#### Stored data
□ □ □ □ □

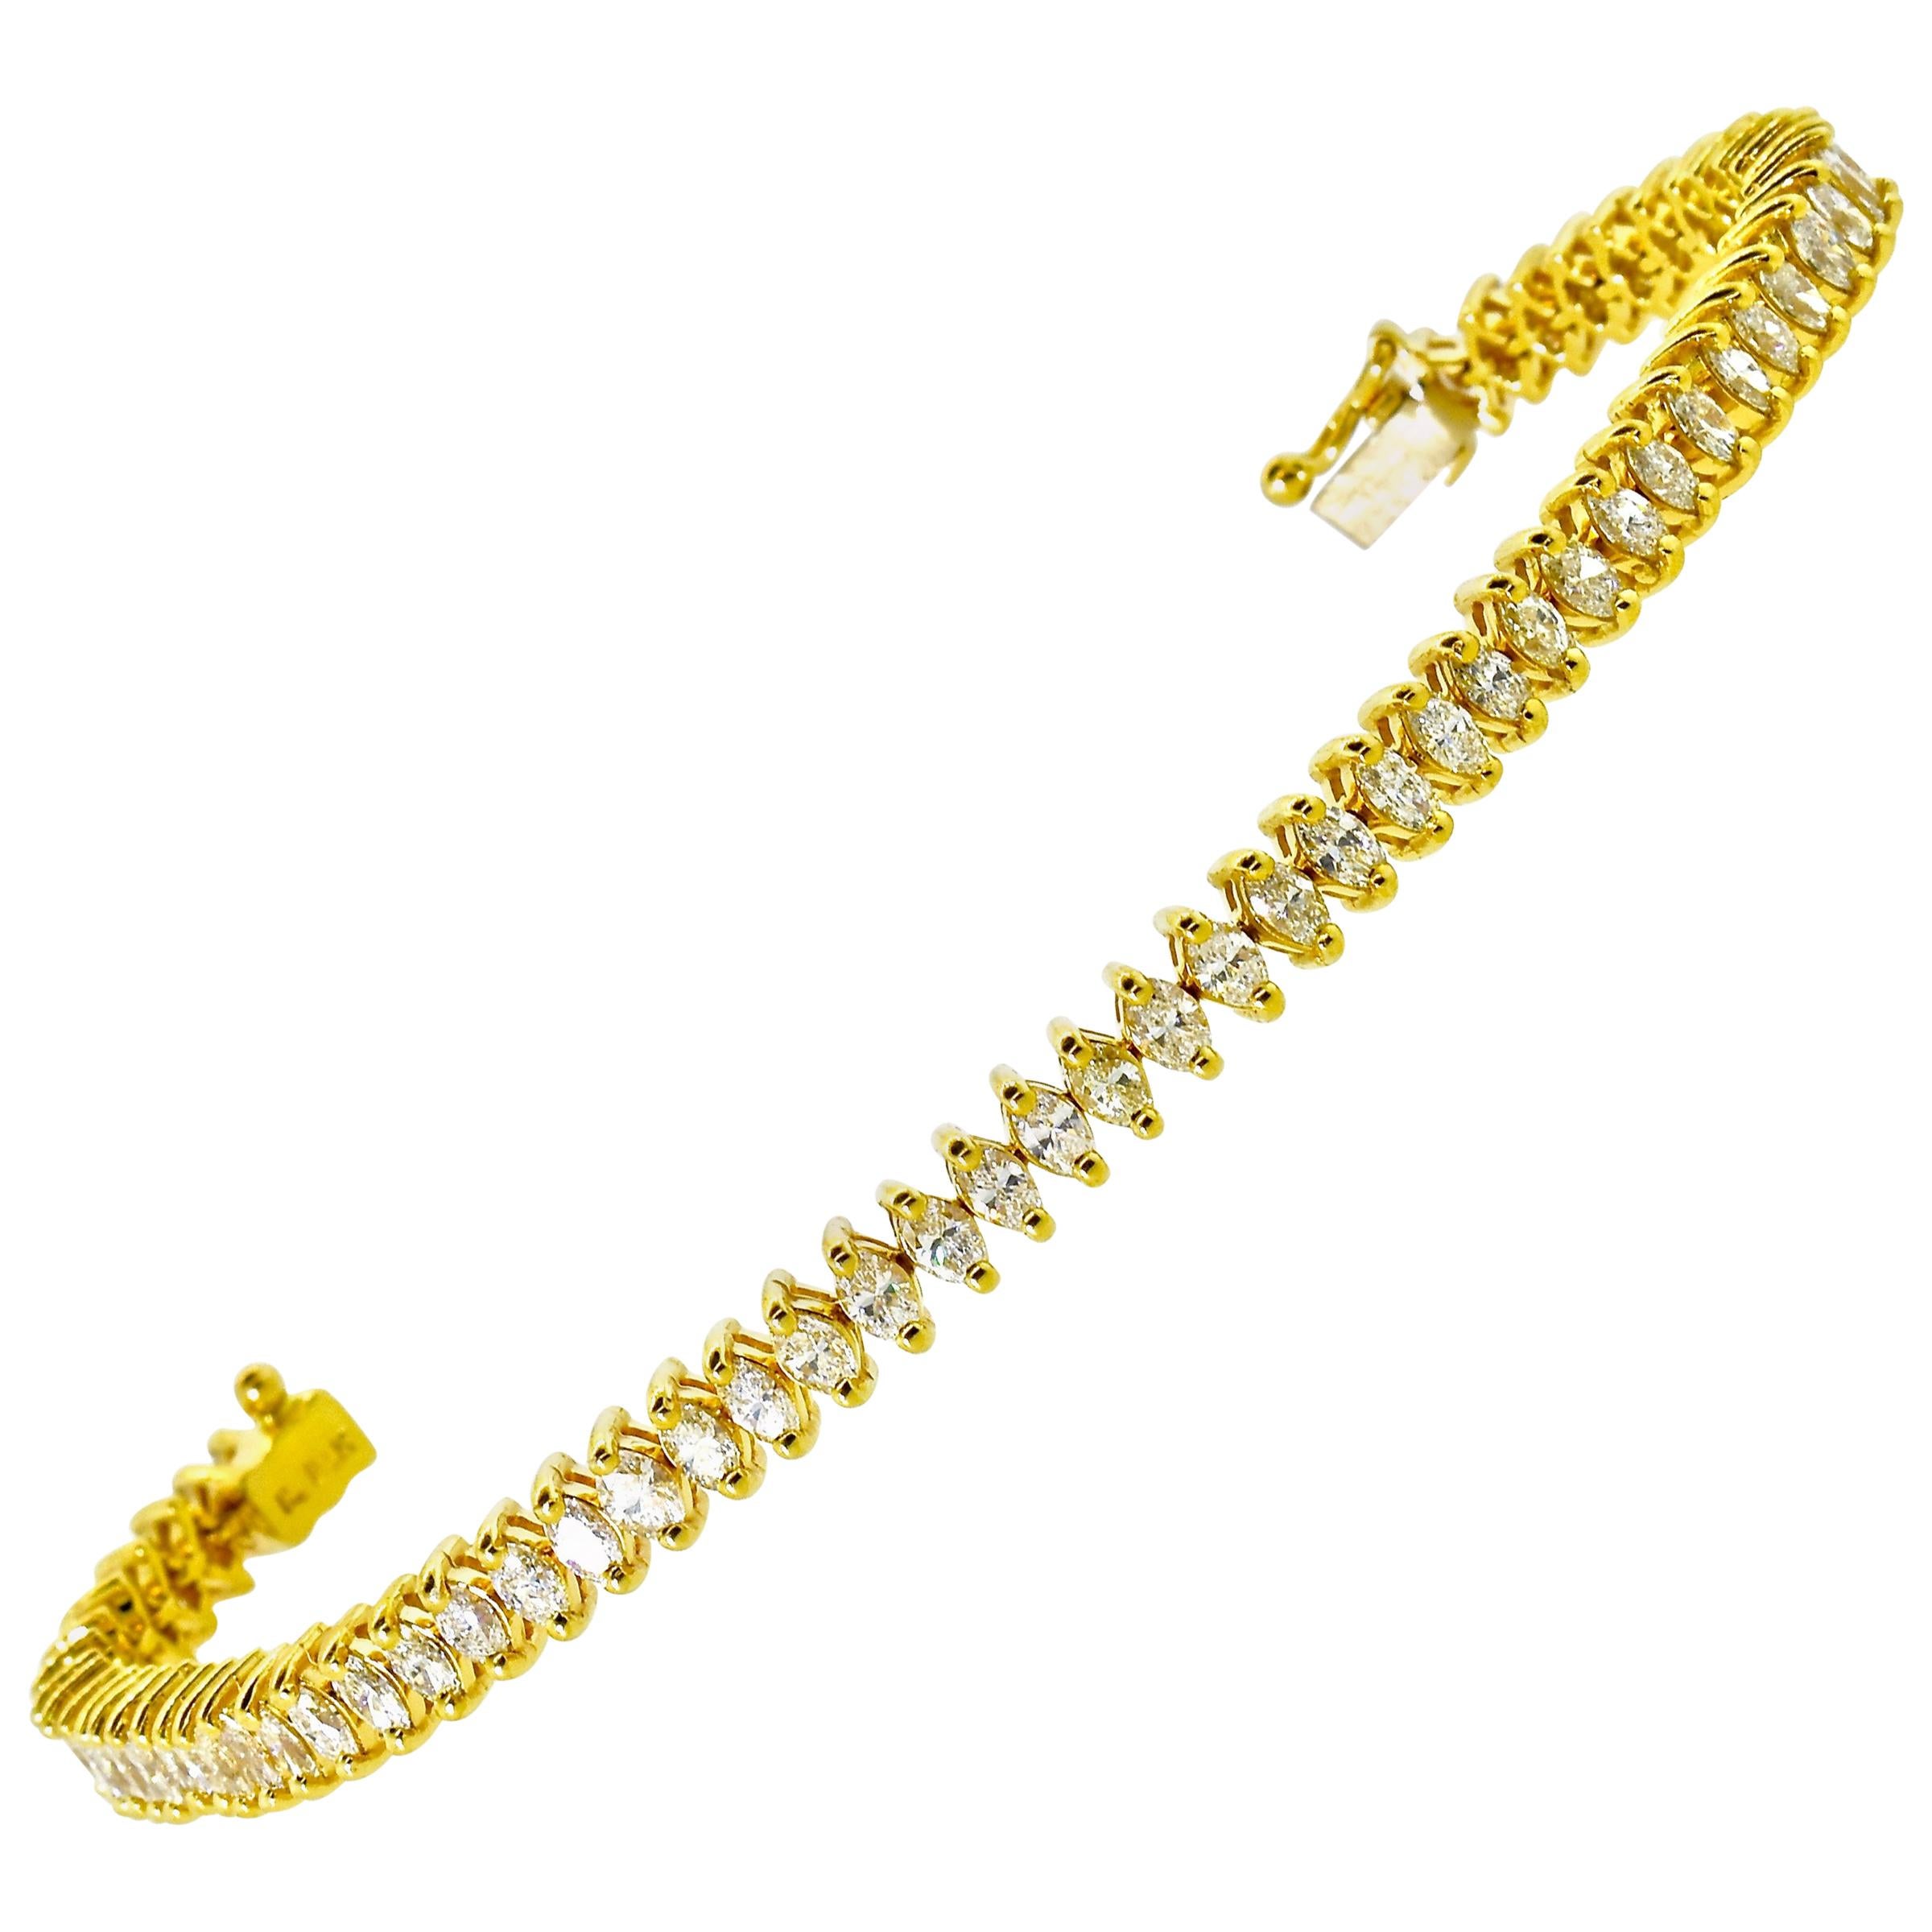 Diamond and gold well made contemporary bracelet possessing 63  well cut and finely match marquis diamonds.  These diamonds are estimated all to be near colorless (H), and very slightly included (VS).  The total weight is 3.75 cts. This highly
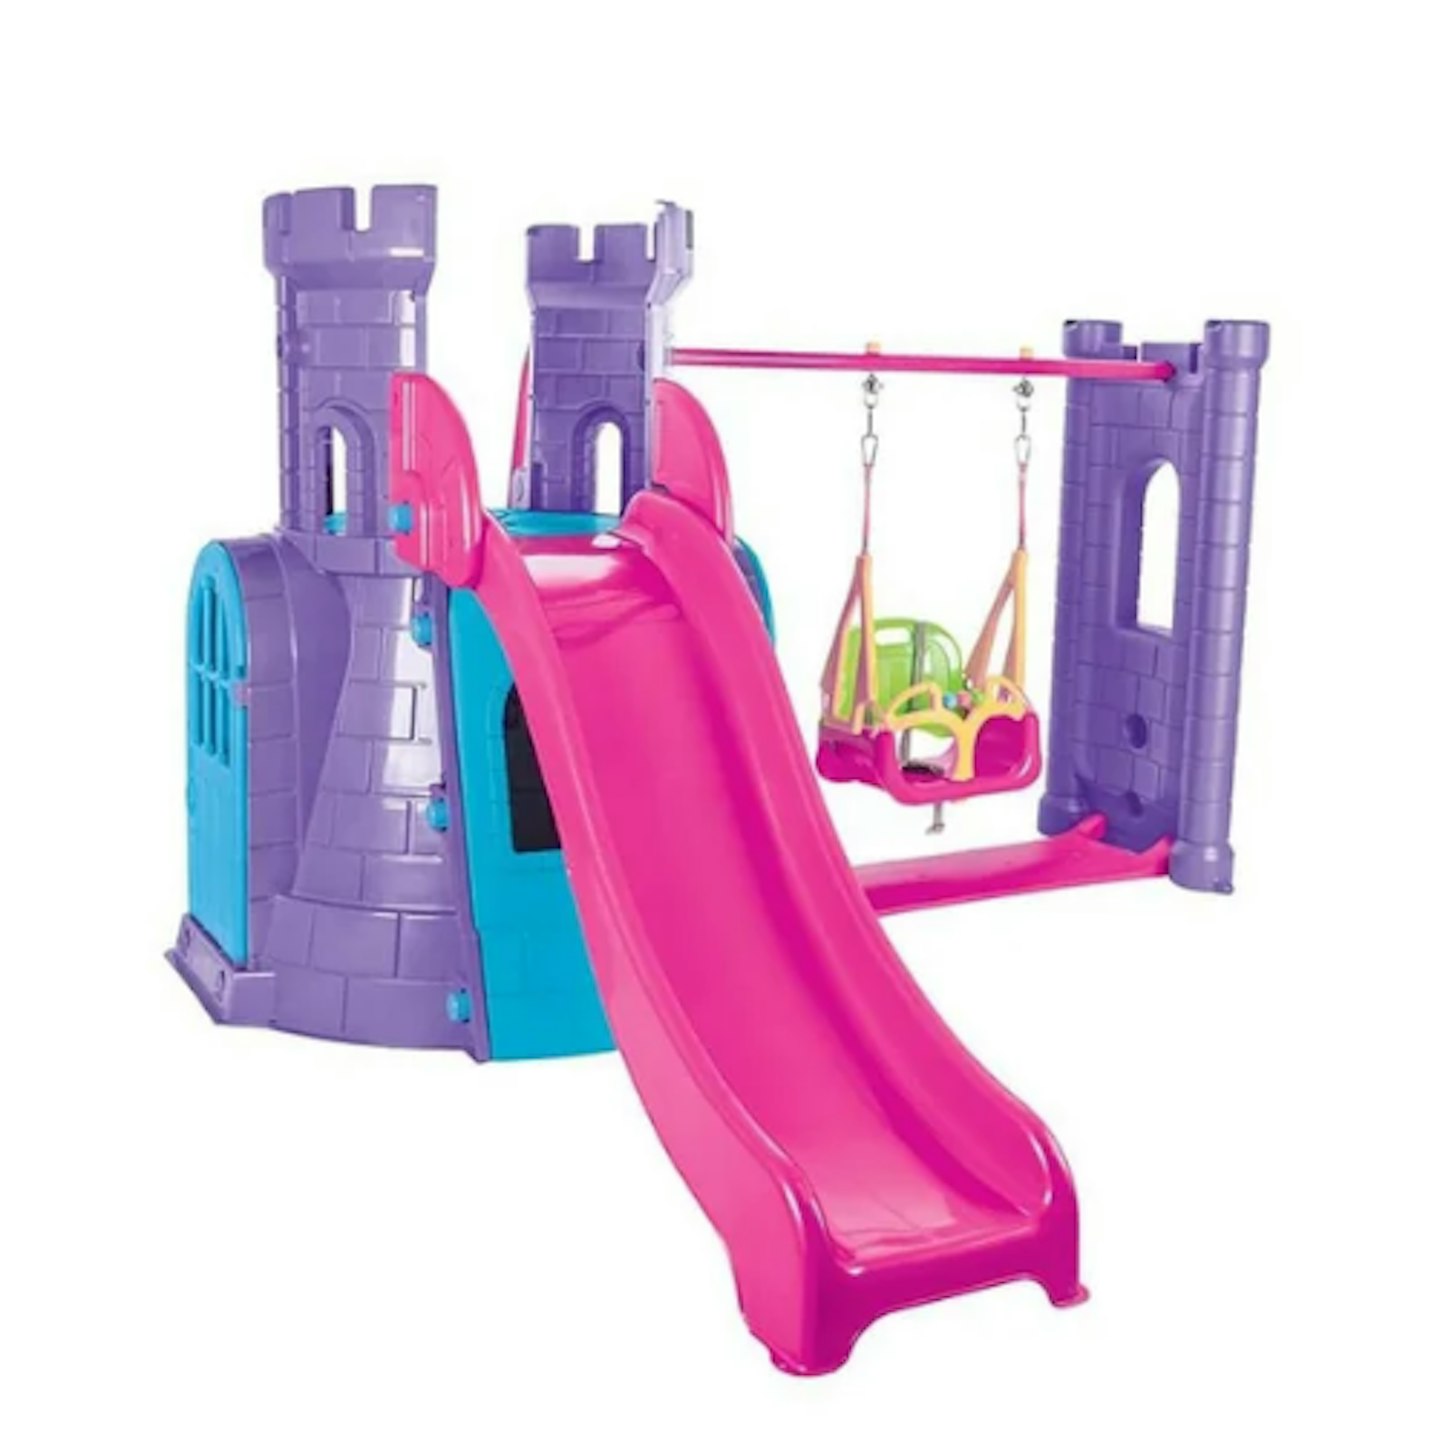 Freeport Park Childrenu0026#039;s Castle In Abs With Slide And Swing
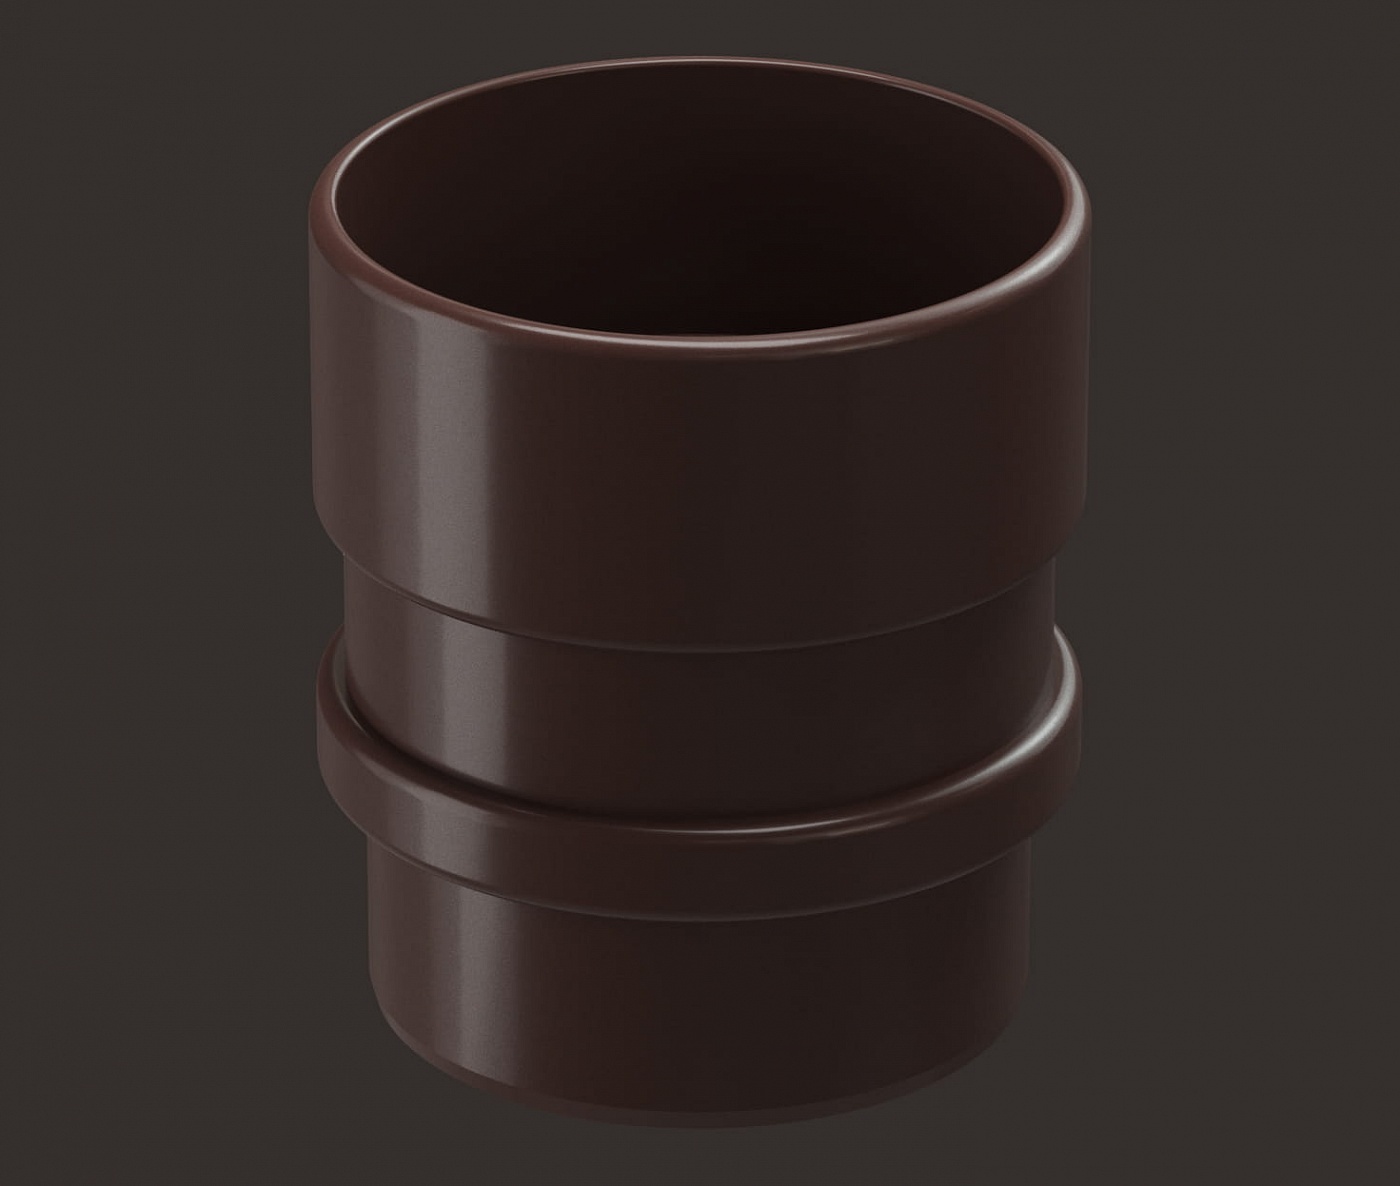 Водостоки - LUX SERIES Chocolate RAL 8019 - Elements of the drainage system - Pipe connector

□ □ □ □ □

Everything in the data above gets copied exactly. Only the pictures are skipped.

 Diamond and gold well made contemporary bracelet possessing 63  well cut and finely match marquis diamonds.  These diamonds are estimated all to be near colorless (H), and very slightly included (VS).  The total weight is 3.75 cts. This highly
 Freeport Park Childrenu0026#039;s Castle In Abs With Slide And Swing
 Водостоки - LUX SERIES Chocolate RAL 8019 - Elements of the drainage system - Pipe connector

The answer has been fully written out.